> _Your instructions_:
Below is a listing; retype exactly the lines between the one containing "This Is What" and the one containing "Starck T Handtuchhalter, 88x486x57", inclusive, minus the pictures.

> _Task inputs_:
· · ·

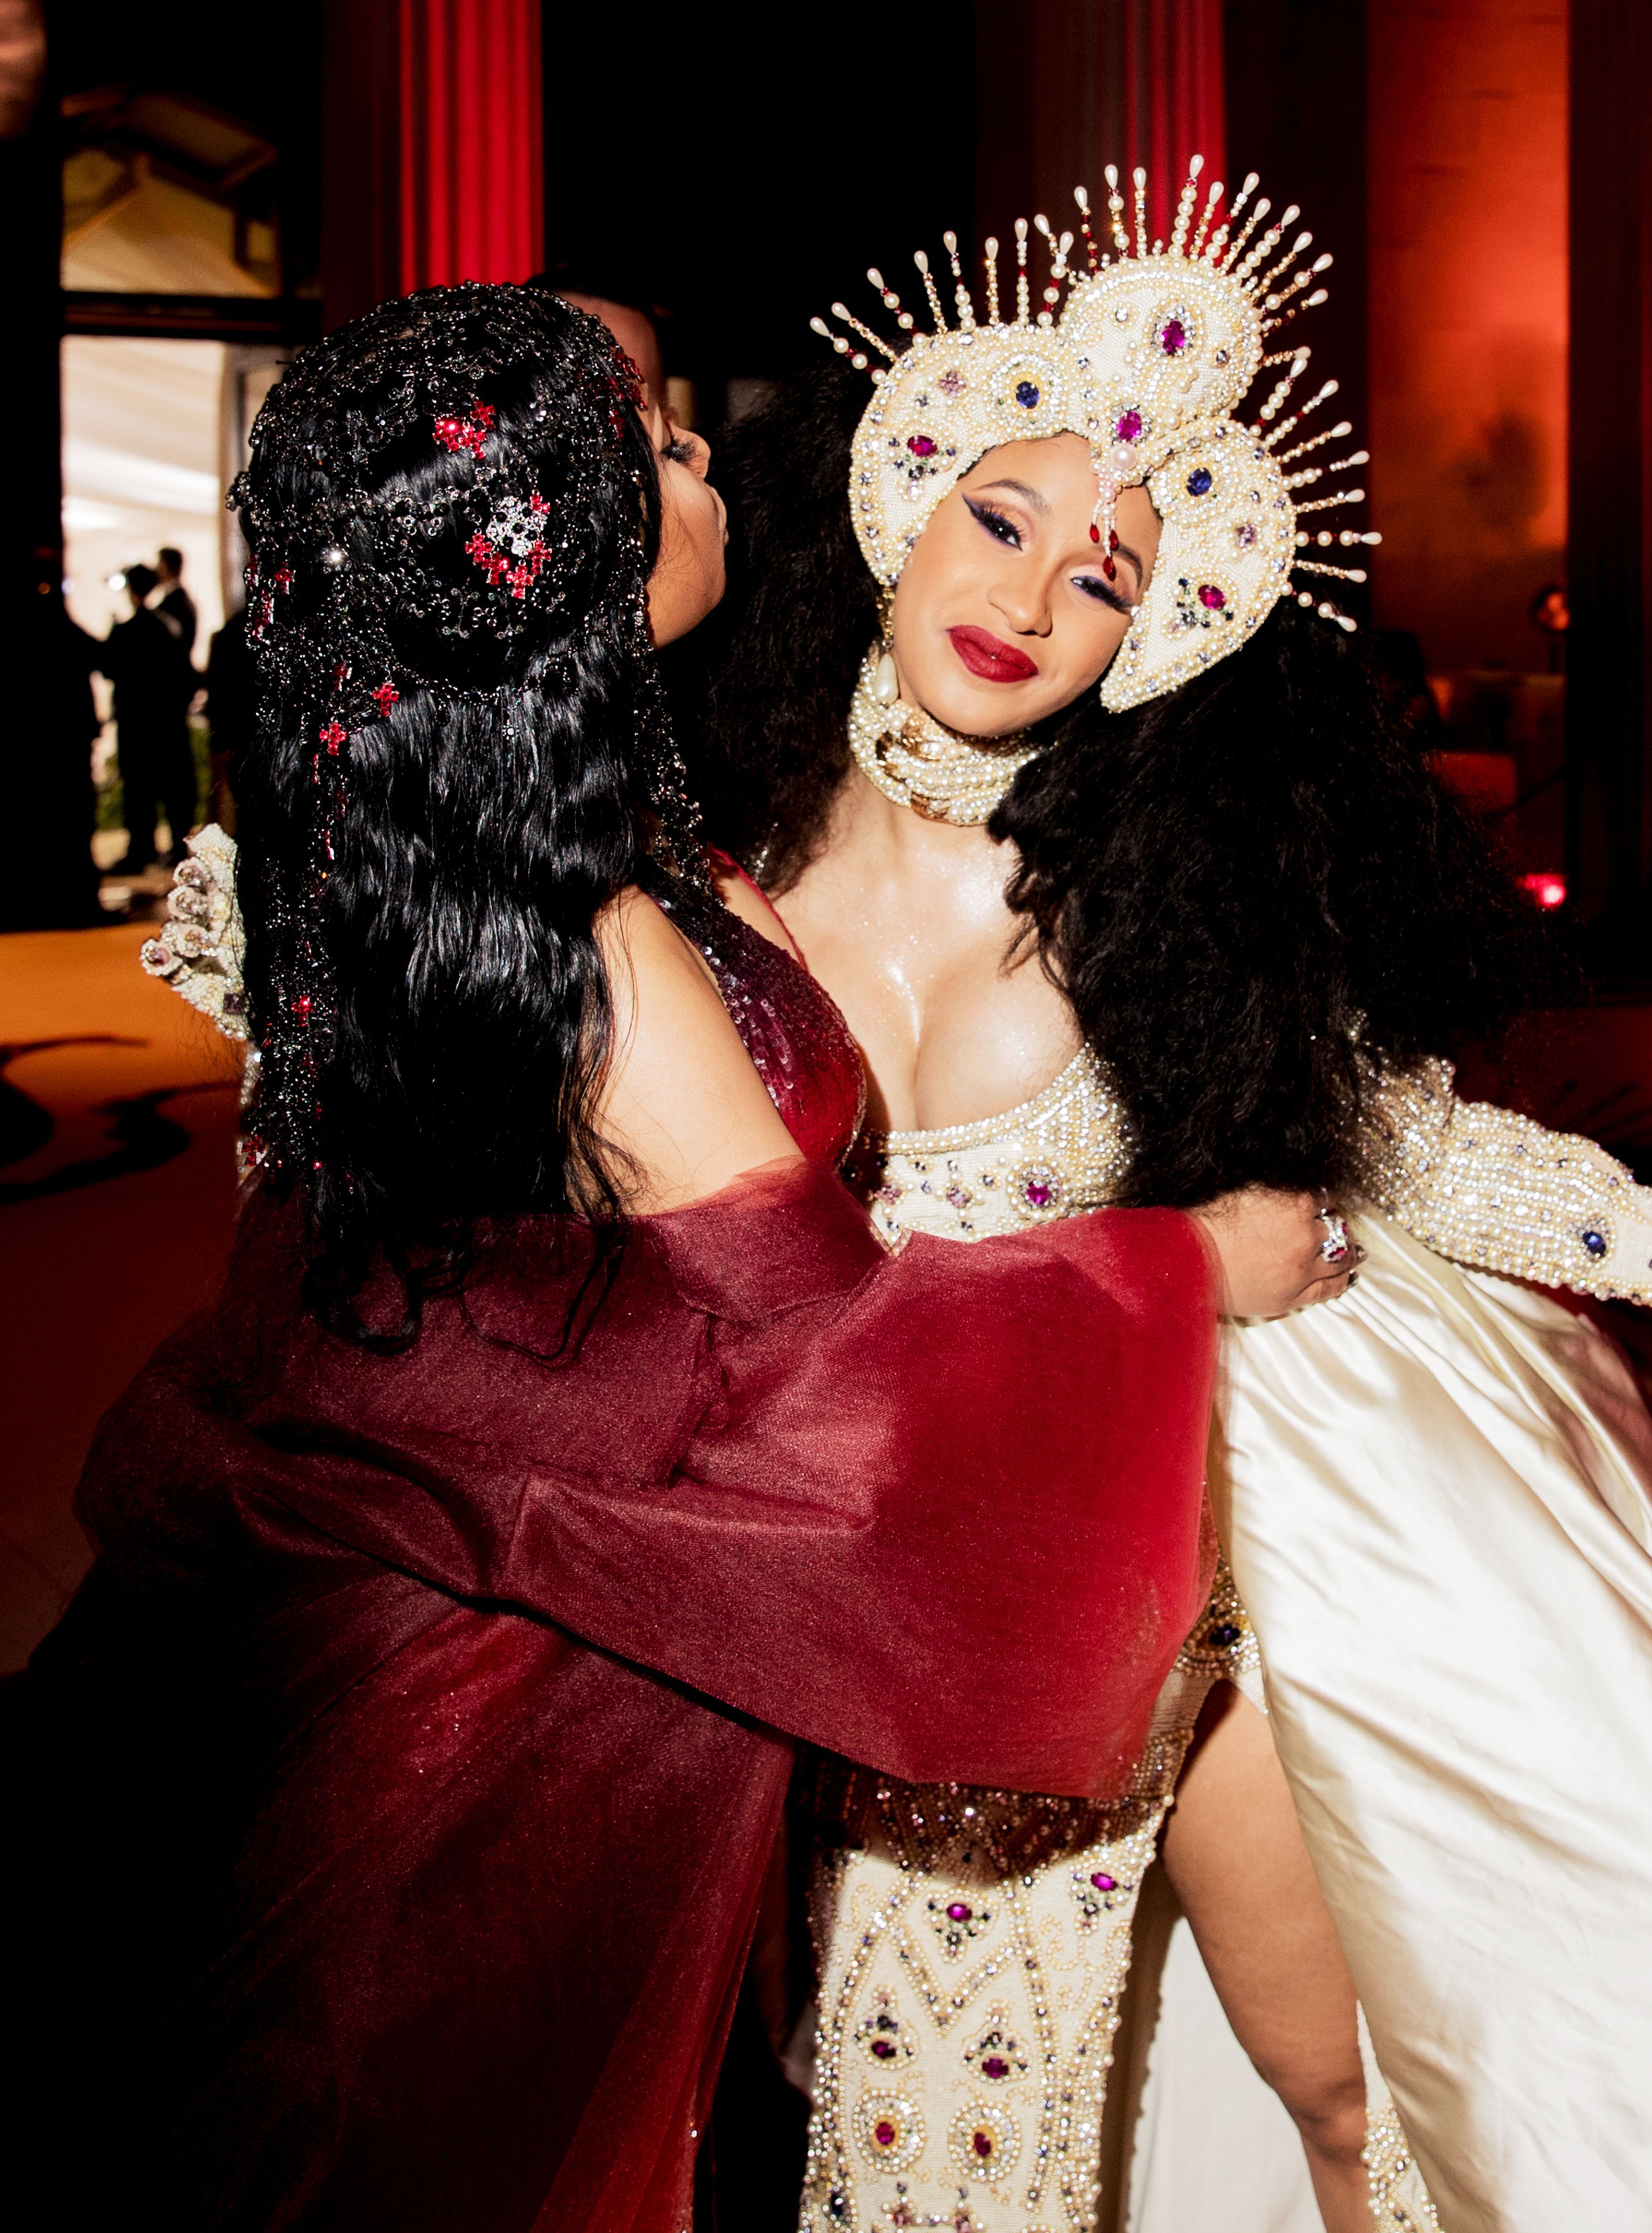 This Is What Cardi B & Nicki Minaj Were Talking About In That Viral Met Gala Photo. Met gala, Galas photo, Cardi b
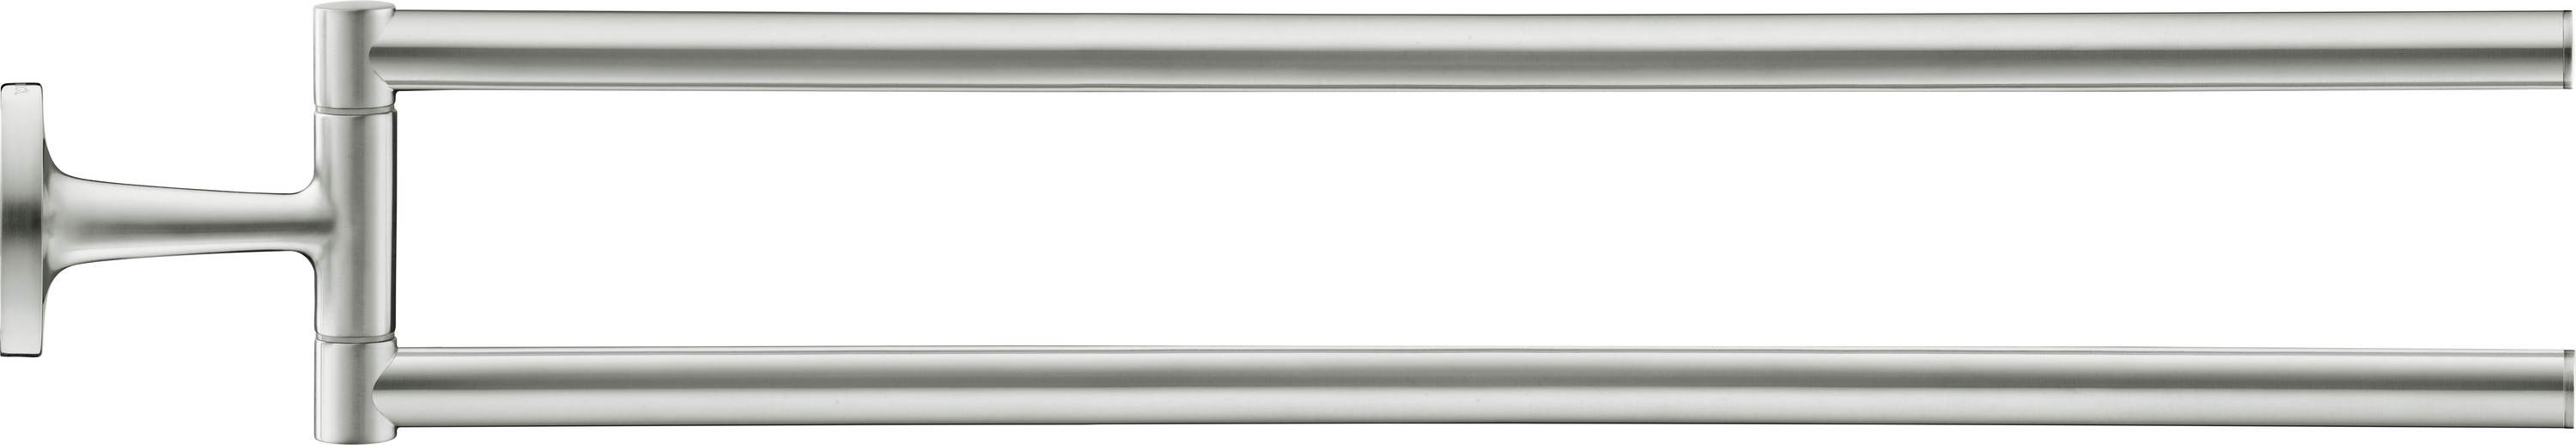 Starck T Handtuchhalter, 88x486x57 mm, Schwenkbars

· · ·

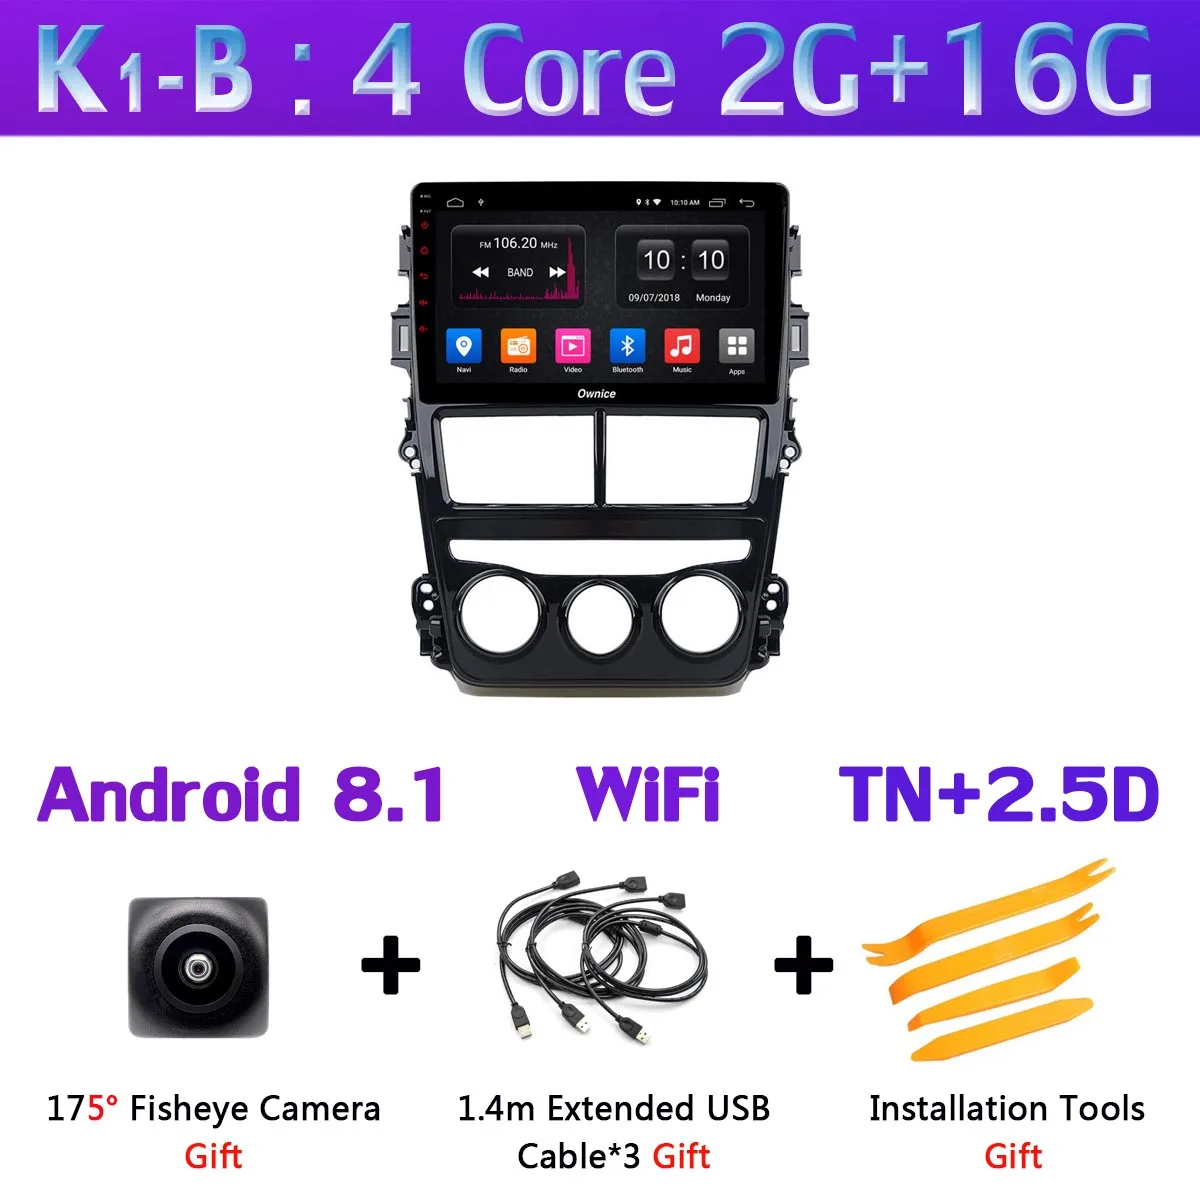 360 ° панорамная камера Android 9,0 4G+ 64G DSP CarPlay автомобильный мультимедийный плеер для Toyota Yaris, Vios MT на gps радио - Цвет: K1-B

· · ·

> _Written response_:
 This Is What Cardi B & Nicki Minaj Were Talking About In That Viral Met Gala Photo. Met gala, Galas photo, Cardi b
 Starck T Handtuchhalter, 88x486x57 mm, Schwenkbars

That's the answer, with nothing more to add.